In light of these conclusions, if the courts of the EU States where the topless pictures are being published refused to grant injunctions to prevent further publications, at least in their respective territories, Kate Middleton -after having exhausted the internal procedural remedies in the States at stake – could lodge applications against these same States before the ECtHR for the infringement of their positive obligations to protect her private life guaranteed by Article 8 ECHR. In such circumstances, the ECtHR would most probably conclude that there have been violations of this Article by the States involved.

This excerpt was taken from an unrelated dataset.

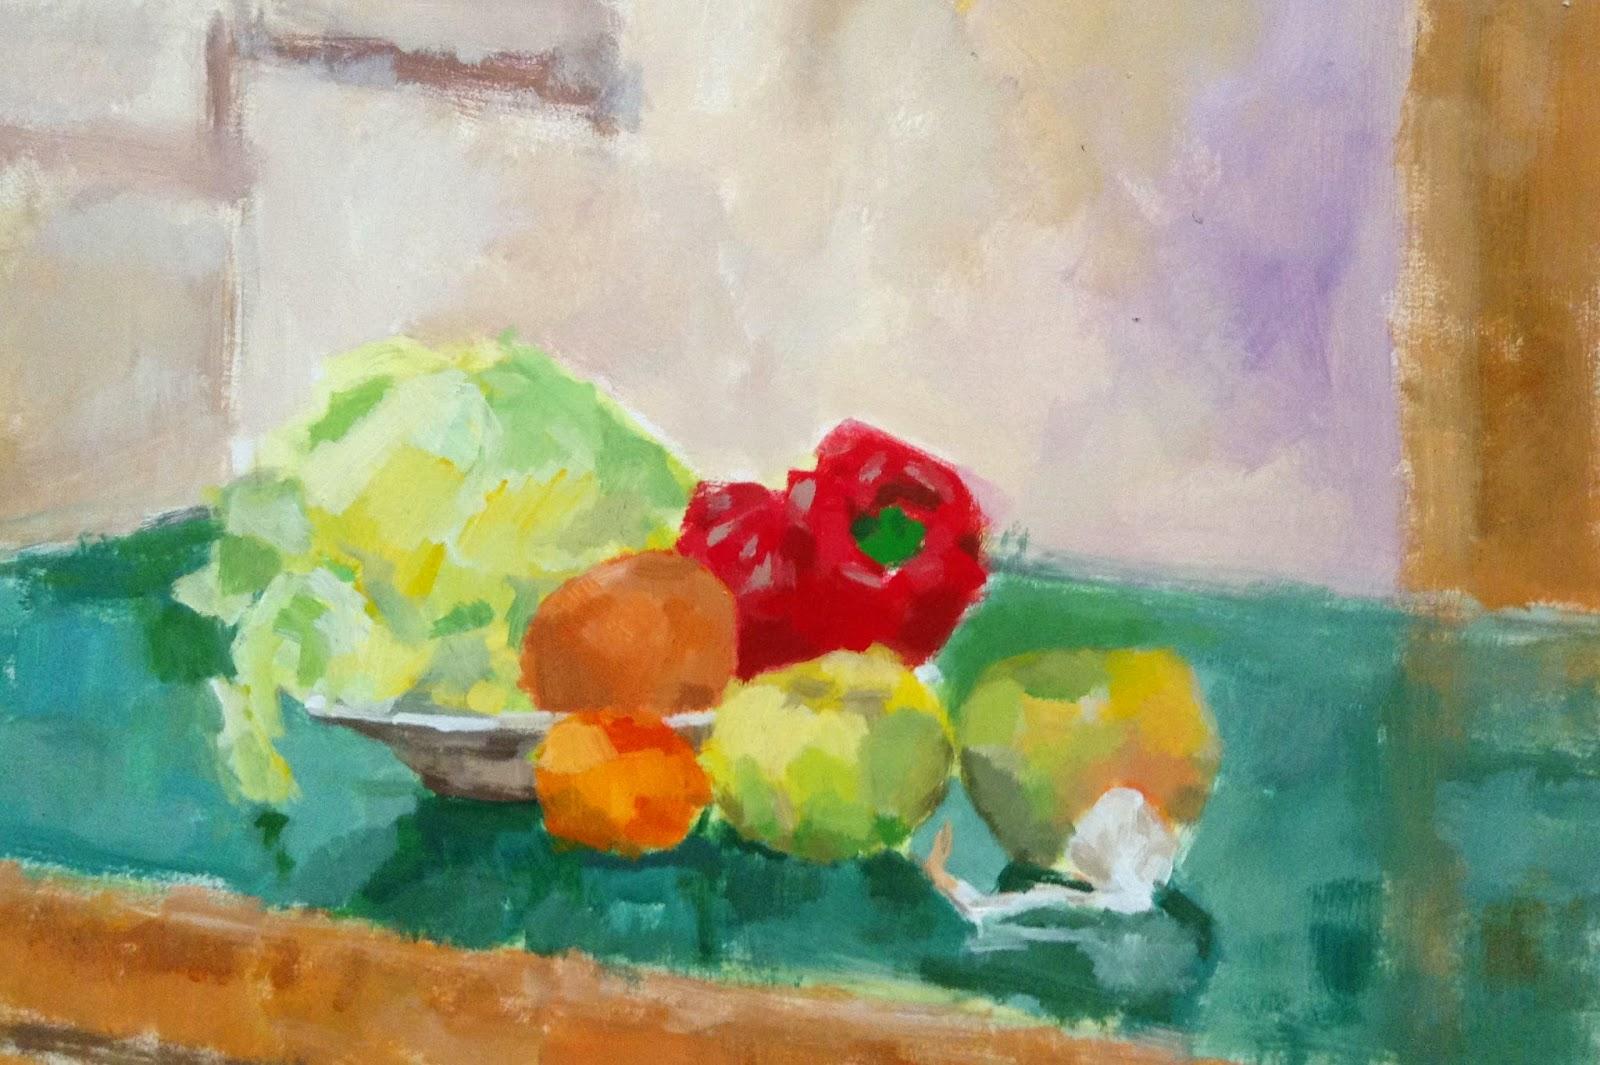 verduras en un plato y sobre una mesa

In fact, despite the Duchess exercising official functions by performing senior Royal duties since her first trip to Canada and US in July 2011 (see The Telegraph), the pictures at stake relate exclusively to details of her private life and have the sole scope of satisfying public curiosity in that respect, but do not concern facts capable of contributing to a general debate over Kate Middleton’s official role. Furthermore, the pictures were taken by subterfuge while the couple were on a private property at a luxury holiday chateau owned by the Queen of England’s nephew – who promised absolute privacy to the Duchess -, by means of a photographer equipped with a high powered lens from a distance of over half a mile away from the chateau (see The Daily Mail ; P A Clarke). Also, the publication of the photos constitutes a serious intrusion with grave consequences for the couple, evinced by their official statement, according to which “the Royal Highnesses have been hugely saddened to learn that” the publication of the pictures at stake has “invaded their privacy in such a grotesque and totally unjustifiable manner. […] The incident is reminiscent of the worst excesses of the press and paparazzi during the life of Diana, Princess of Wales, and all the more upsetting to the Duke and Duchess for being so” (see The Huffington Post). Finally, despite the pictures having been disseminated by local newspapers with apparently limited national circulation, the original publications have initiated the immediate distribution of the images “over the internet like wild-fire”, with the result of reaching a broad section of the public around the world (see SeeClouds).

3 replies
  1. Dan Masi says:

    There has to be some time when a public figure is allowed to relax without being under seemingly constant surveillance. I understand the “need” for private citizens to know everything about public figures, but there is a line crossed when a photographer enters into the private space of the celebrity. If these photos are within the protections of Article 10 of the ECHR, then where is the line crossed? Cameras are equipped with zoom capabilities that are constantly getting better and more refined. In the photos in question, Will and Kate are obviously sitting on a private balcony during their vacation. The only way that the photographer could capture the image was from a large distance evidenced by the grainy quality of the photos. Celebrities can be photographed while in public, but why is there a need to intrude into their personal lives. When they are not out furthering their careers or actively entering into the public space, how can the paparazzi justify intruding into their privacy? In my mind, the photos in question obviously violate article 8 of the ECHR and there is absolutely no “expression” that needs to be protected when one is snooping on celebrities.